December 20, 2025
One thread to rule them all?
More databases should be single-threaded
One-at-a-time databases? The internet is yelling
TLDR: A viral post claims databases should handle changes one at a time and be split into many small pieces to avoid messy errors. The community erupted: some say it simplifies life (hello, DynamoDB), while others call it naïve or painful in practice—sparking a big simplicity vs. reality showdown.

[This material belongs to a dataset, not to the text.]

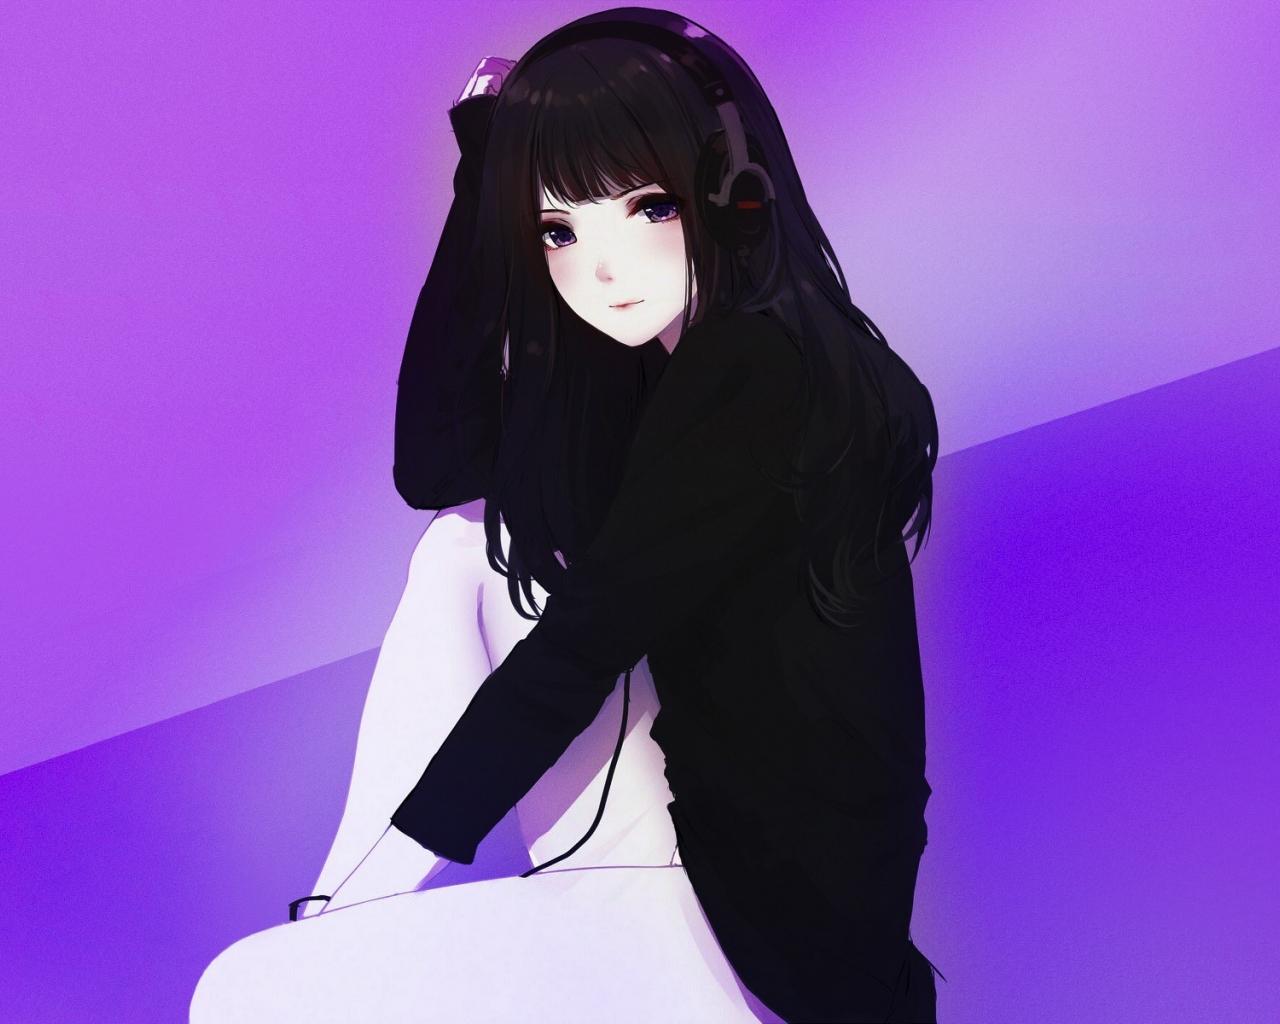 Headphone cute anime girl black hoodie 1280x1024 wallpaper

A bold tweet from Konsti Wohlwend lit up tech Twitter: make databases process changes one at a time and split data into lots of small chunks. Translation: fewer moving parts, fewer “oops” moments. He argues the usual database features—locks, retries, and scary acronyms—cause chaos. Simpler is safer, he says. The crowd? Oh, they had thoughts.
Critics swarmed first. One developer snapped, “Wow, that’s a dumb take,” pointing to ACID—a set of rules that keep data safe so many people can use it at once. Another warned the “simplicity” just moves the mess from the database to your app: now devs must pick how to split data, re-split it later, and somehow keep results consistent. A third lamented, “We’re doing this in production and it’s terrible.” Ouch. Meanwhile, an ex-AWS voice dropped a curveball: this sounds a lot like DynamoDB, which powers tons of Amazon services—so maybe the hot take isn’t that wild. Others joked it’s the “single checkout line on Black Friday” of databases and resurrected the classic meme: “just use SQLite bro.”
Under the memes, the split is real: minimalism vs. messy reality. Fans want fewer foot-guns. Skeptics say you’re just shoving the hard problems into the code—and future you will be the one screaming.
Key Points
- •The author argues most transactional databases should be single-threaded and aggressively sharded.
- •Postgres isolation levels (READ COMMITTED, REPEATABLE READ, SERIALIZABLE) are described with their behaviors and trade-offs.
- •Multi-threaded, lock-based concurrency leads to deadlocks, retries, race conditions, and high lock contention under load.
- •Read-only transactions can use SERIALIZABLE READ ONLY DEFERRABLE to avoid write conflicts.
- •A single-writer model, exemplified by SQLite, ensures perfect ordering but is limited by single-write throughput; sharding is proposed to scale.